From: Riana Tauro <riana.tauro@intel.com>
To: Lucas De Marchi <lucas.demarchi@intel.com>,
Umesh Nerlige Ramappa <umesh.nerlige.ramappa@intel.com>
Cc: <intel-xe@lists.freedesktop.org>, <anshuman.gupta@intel.com>,
<vinay.belgaumkar@intel.com>, <soham.purkait@intel.com>,
Rodrigo Vivi <rodrigo.vivi@intel.com>,
Himal Prasad Ghimiray <himal.prasad.ghimiray@intel.com>
Subject: Re: [PATCH v7 5/5] drm/xe/xe_pmu: Acquire forcewake on event init for engine events
Date: Fri, 21 Feb 2025 12:02:02 +0530 [thread overview]
Message-ID: <bd6ea1a4-a53c-4333-9cda-95d844f64b82@intel.com> (raw)
In-Reply-To: <3isbafrfmgy7bi2vqjq4ixecuhugqk7o7tzdlsib3wx5wtfku4@g34iofqphcxs>
Hi Lucas
On 2/21/2025 11:56 AM, Lucas De Marchi wrote:
> On Thu, Feb 20, 2025 at 10:45:46PM -0600, Lucas De Marchi wrote:
>> On Thu, Feb 20, 2025 at 05:14:07PM -0800, Umesh Nerlige Ramappa wrote:
>>> On Thu, Feb 20, 2025 at 03:46:55PM -0600, Lucas De Marchi wrote:
>>>> On Fri, Feb 14, 2025 at 03:38:13PM +0530, Riana Tauro wrote:
>>>>> When the engine events are created, acquire GT forcewake to read gpm
>>>>> timestamp required for the events and release on event destroy.
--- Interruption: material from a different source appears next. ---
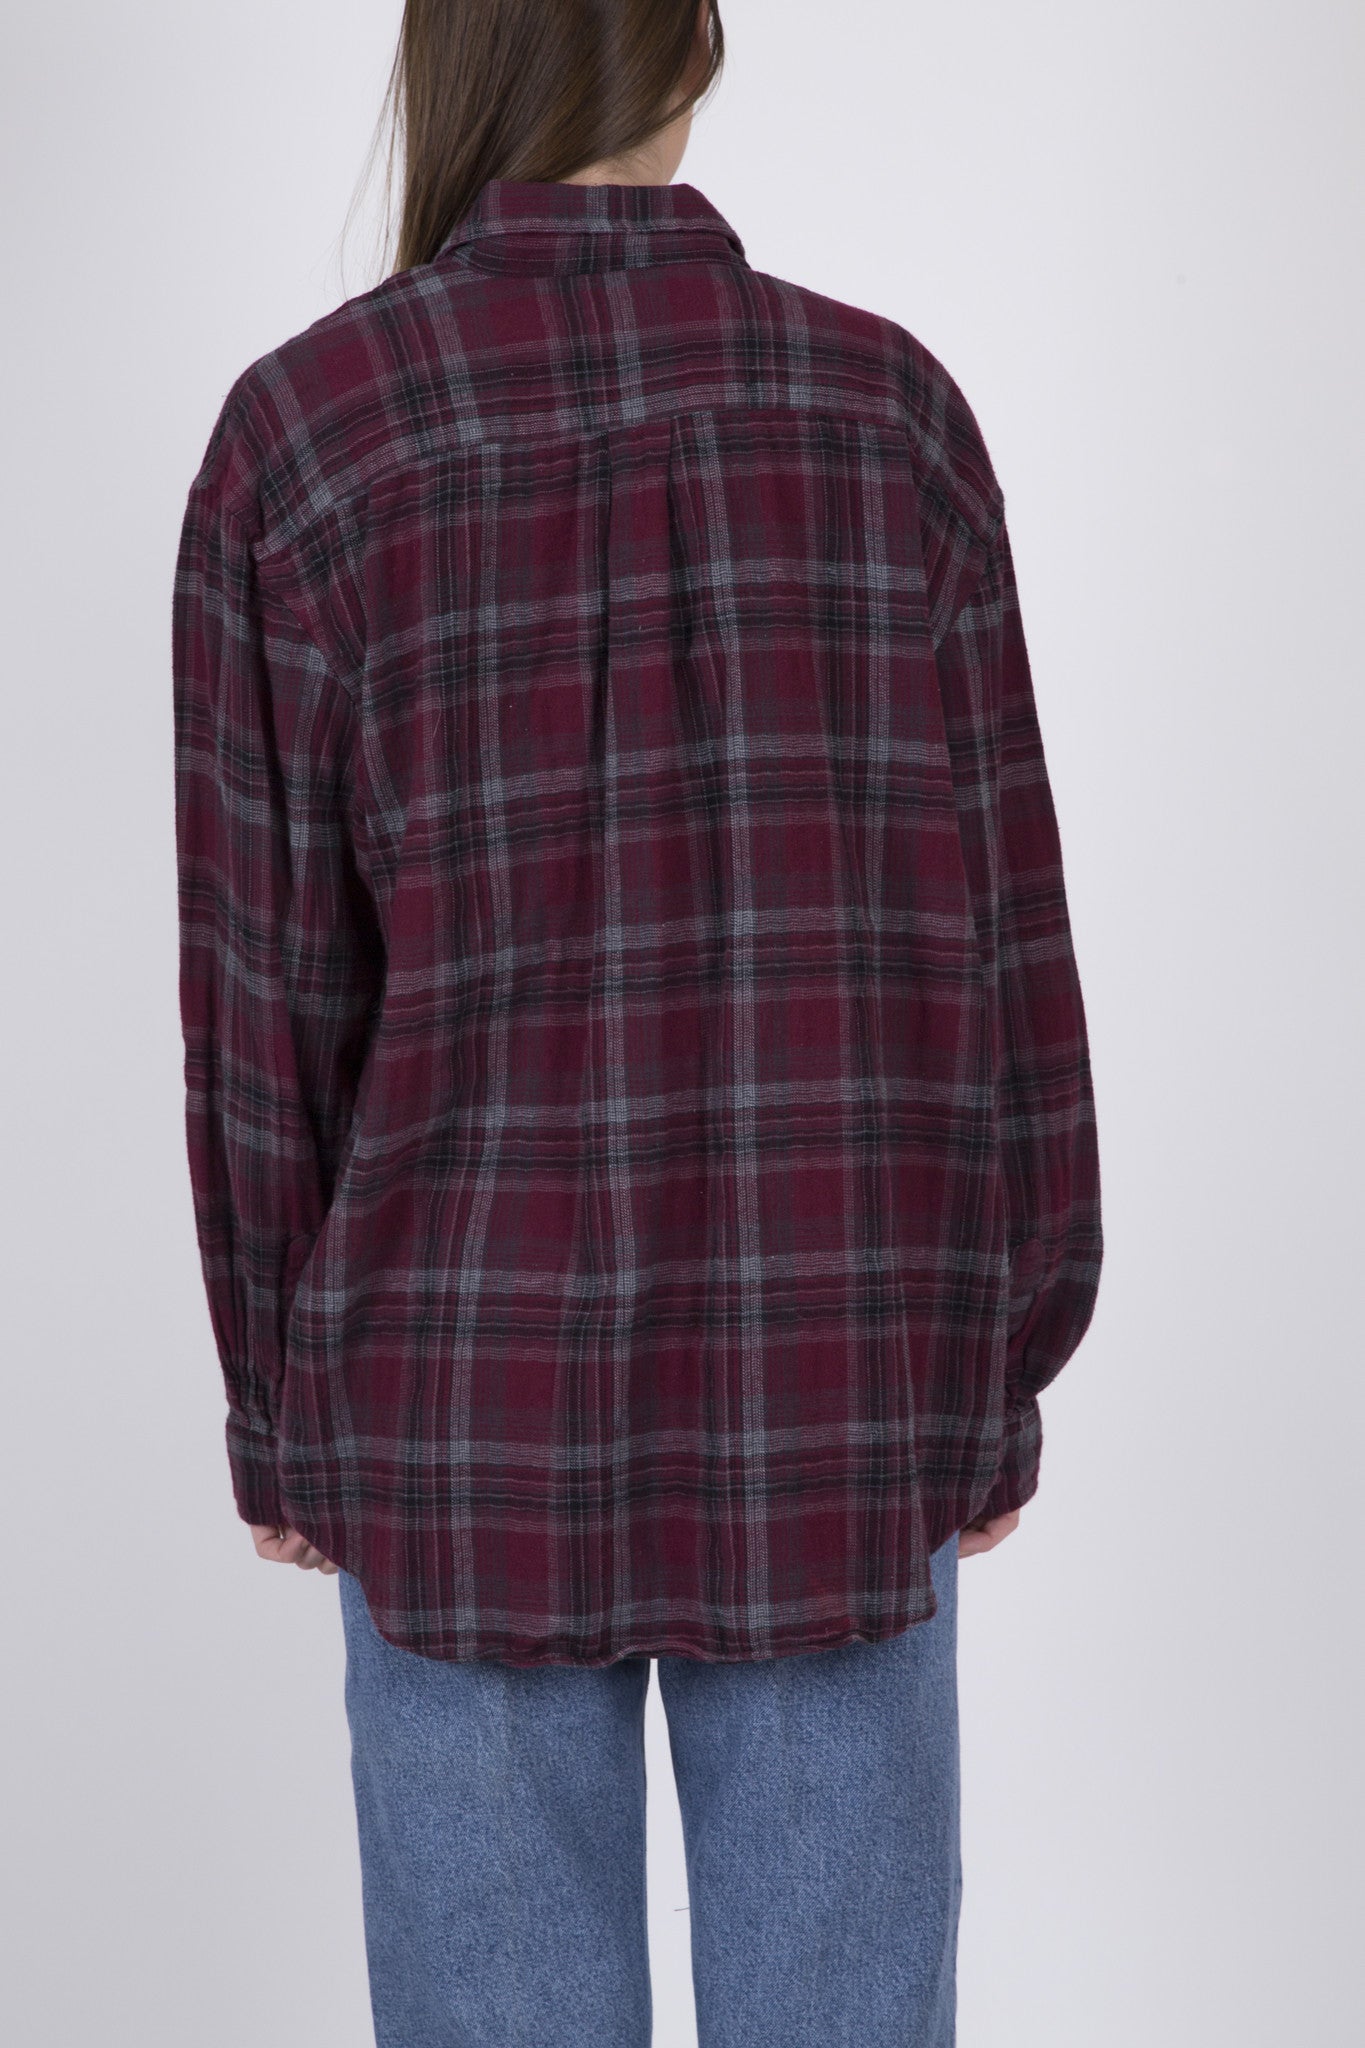 Teen Spirit Plaid Oversized Flannel: Size XL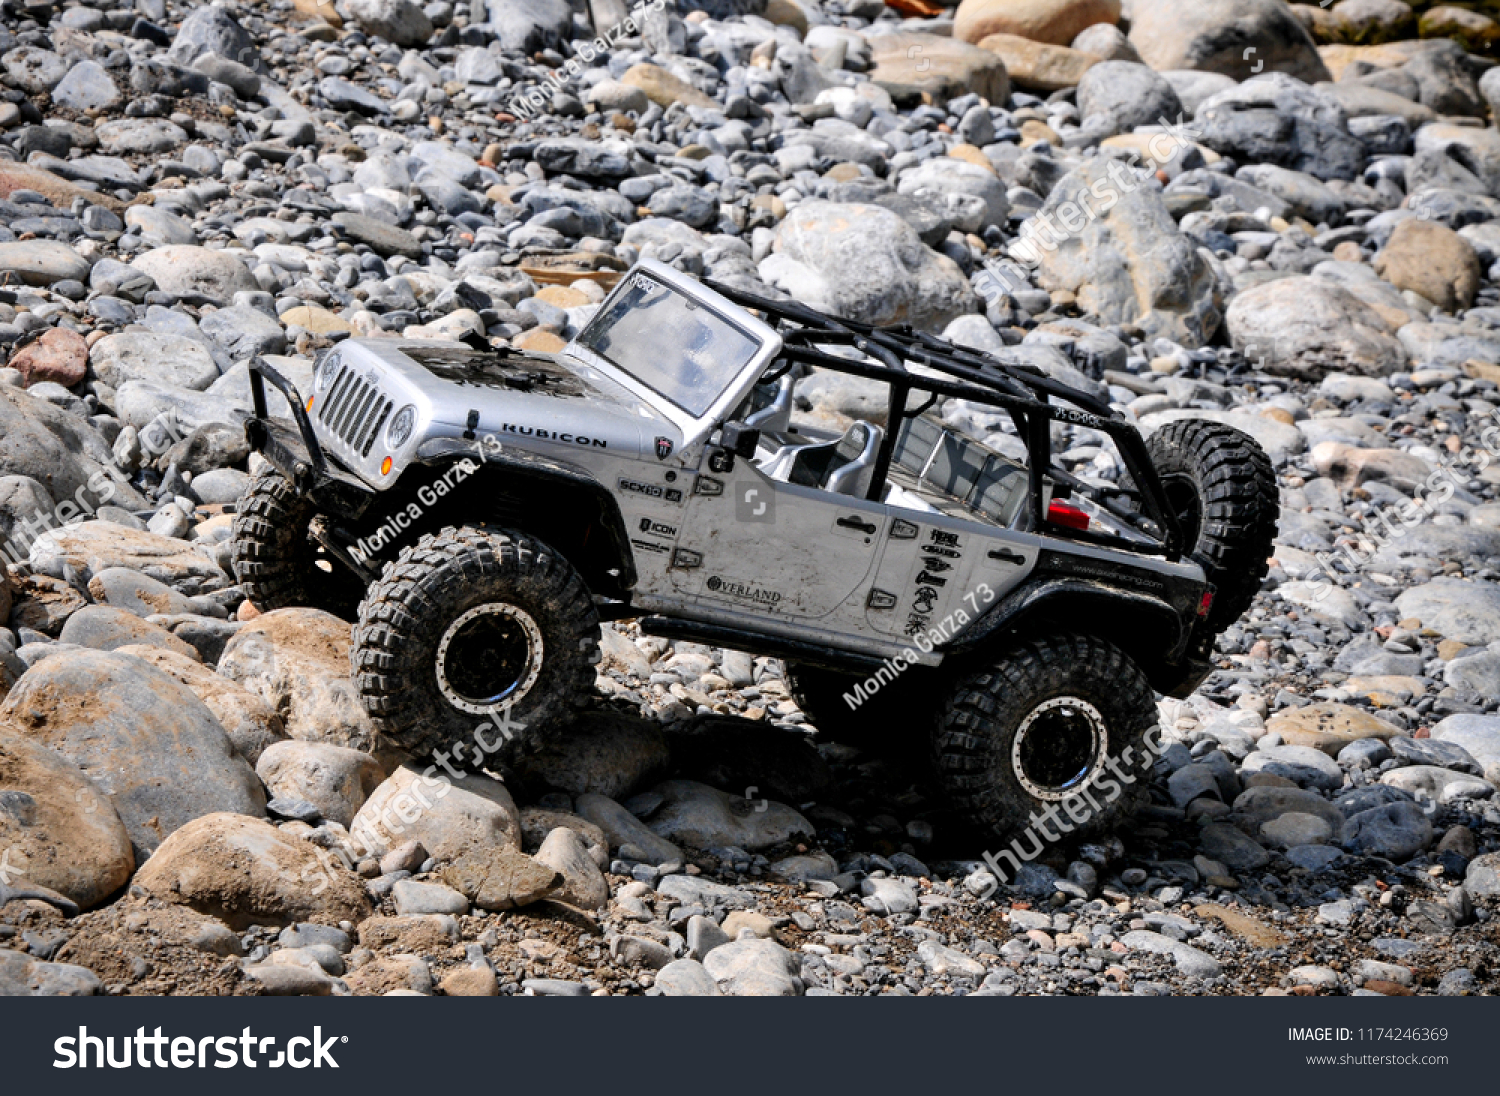 remote control jeep toy

This
>>>>> cannot be done during read due to the raw spinlock held my pmu.
>>>>>
>>>>> v2: remove forcewake counting (Umesh)
>>>>> v3: remove extra space (Umesh)
>>>>>
>>>>> Cc: Rodrigo Vivi <rodrigo.vivi@intel.com>
>>>>> Cc: Himal Prasad Ghimiray <himal.prasad.ghimiray@intel.com>
>>>>> Signed-off-by: Riana Tauro <riana.tauro@intel.com>
>>>>> Reviewed-by: Umesh Nerlige Ramappa <umesh.nerlige.ramappa@intel.com>
>>>>> ---
>>>>> drivers/gpu/drm/xe/xe_pmu.c | 52 +++++++++++++++++++++++++++++--
>>>>> drivers/gpu/drm/xe/xe_pmu_types.h | 4 +++
>>>>> 2 files changed, 54 insertions(+), 2 deletions(-)
>>>>>
>>>>> diff --git a/drivers/gpu/drm/xe/xe_pmu.c b/drivers/gpu/drm/xe/xe_pmu.c
>>>>> index dc89fa6d0ec5..67693d642f5a 100644
>>>>> --- a/drivers/gpu/drm/xe/xe_pmu.c
>>>>> +++ b/drivers/gpu/drm/xe/xe_pmu.c
>>>>> @@ -7,6 +7,7 @@
>>>>> #include <linux/device.h>
>>>>>
>>>>> #include "xe_device.h"
>>>>> +#include "xe_force_wake.h"
>>>>> #include "xe_gt_idle.h"
>>>>> #include "xe_guc_engine_activity.h"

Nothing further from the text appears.